John Brown Farm Historic Site (Photo-graphies)

© Philippe Bazin

Jour de lancement des commémorations du 150e anniversaire de la mort de John Brown, le 9 mai, anniversaire de sa naissance ; le public regardant et écoutant la conférence de J. W. Wiley, la chanson de Sandra Weber, le chanteur anti-esclavagiste Jim Mandracchia, l’auteure et réalisatrice de film Libby MacDonnald, et Brad Hurlbust lisant la dernière lettre de John Brown à sa femme Mary ; à John Brown Farm Historic Site, North Elba, NY, 2009.
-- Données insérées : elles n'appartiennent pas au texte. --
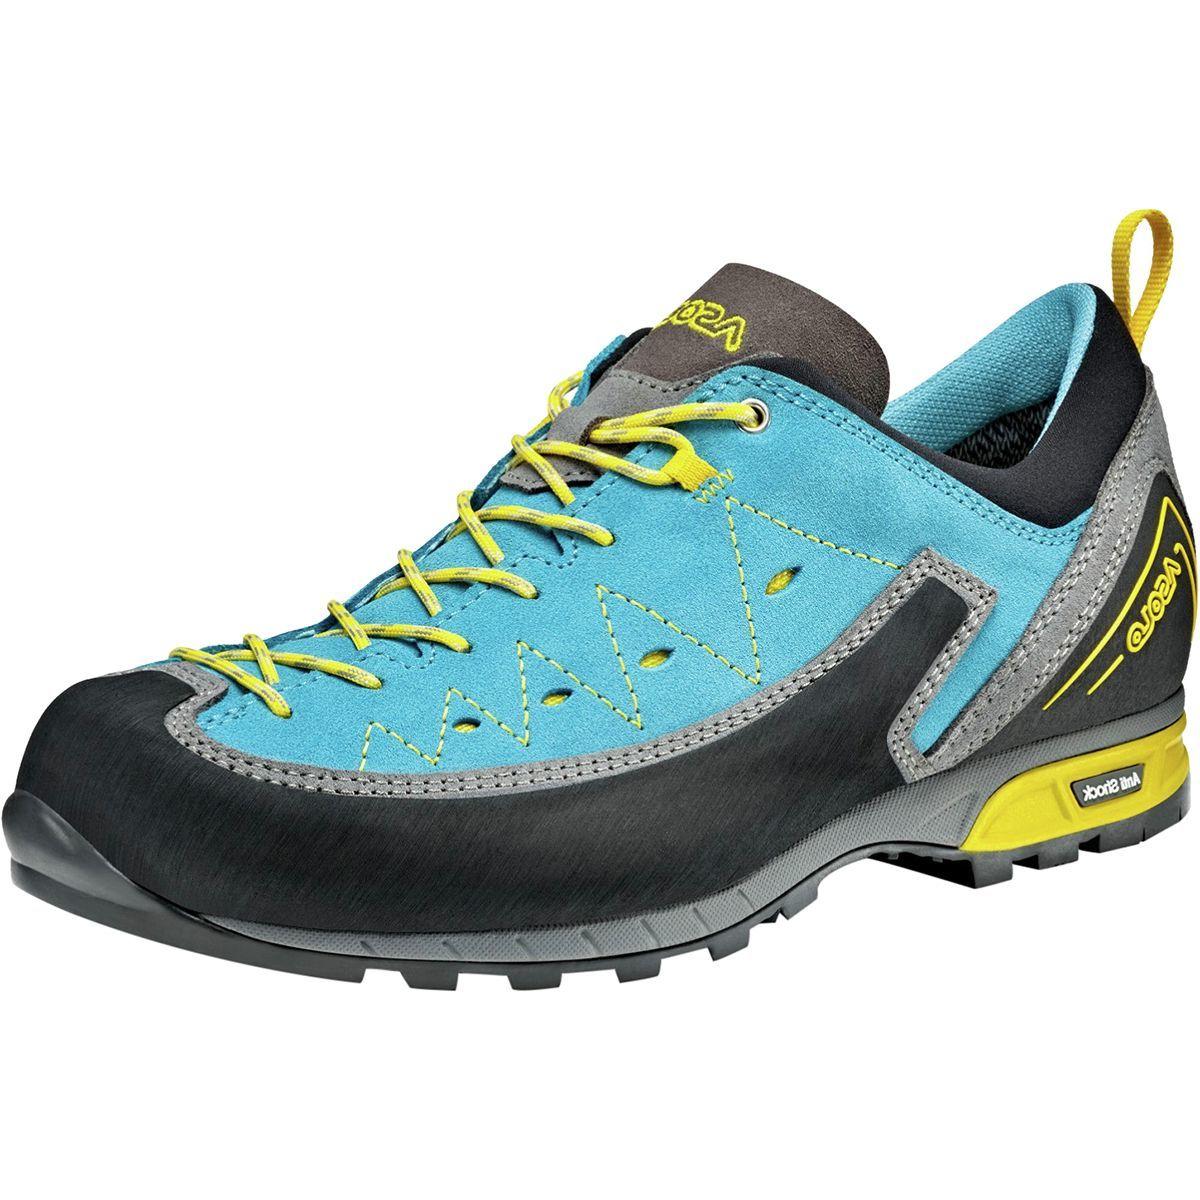 Asolo Apex Shoe - Women's

« J’ai tout de suite reconnu le paysage, la montée et la descente de cet étroit chemin qui m’obligeait, à cause des ornières et de la boue du printemps, à me tenir en son milieu qui était plus haut que les bords. De chaque côté, à l’ombre des arbres, dans les creux et les gorges à l’abri du soleil, subsistaient des plaques de vieille neige durcie. Un vent léger murmurait dans les hautes branches des pins et j’entendais au loin l’eau de la montagne couler dans le bras occidental de la rivière Au Sable, à l’endroit où elle se précipite sous le pont de la route de la cascade et descend par de nombreuses chutes de ces hauteurs rocheuses du nord-est pour aller jusqu’au lac Champlain et, de là, vers le Saint-Laurent et le grand Atlantique Nord (…). Une bouffée de vent, aussi brusque que forte, a agité les pins et provoqué des remous dans les branches au-dessus de moi, emplissant mes oreilles d’un bruit qui faisait sauter mon cœur de joie, car il y avait un temps infini − plus que toute une vie me semblait-il − que je n’avais ainsi marché sous des pins qui chantaient et dansaient dans le vent avec une telle frénésie (…).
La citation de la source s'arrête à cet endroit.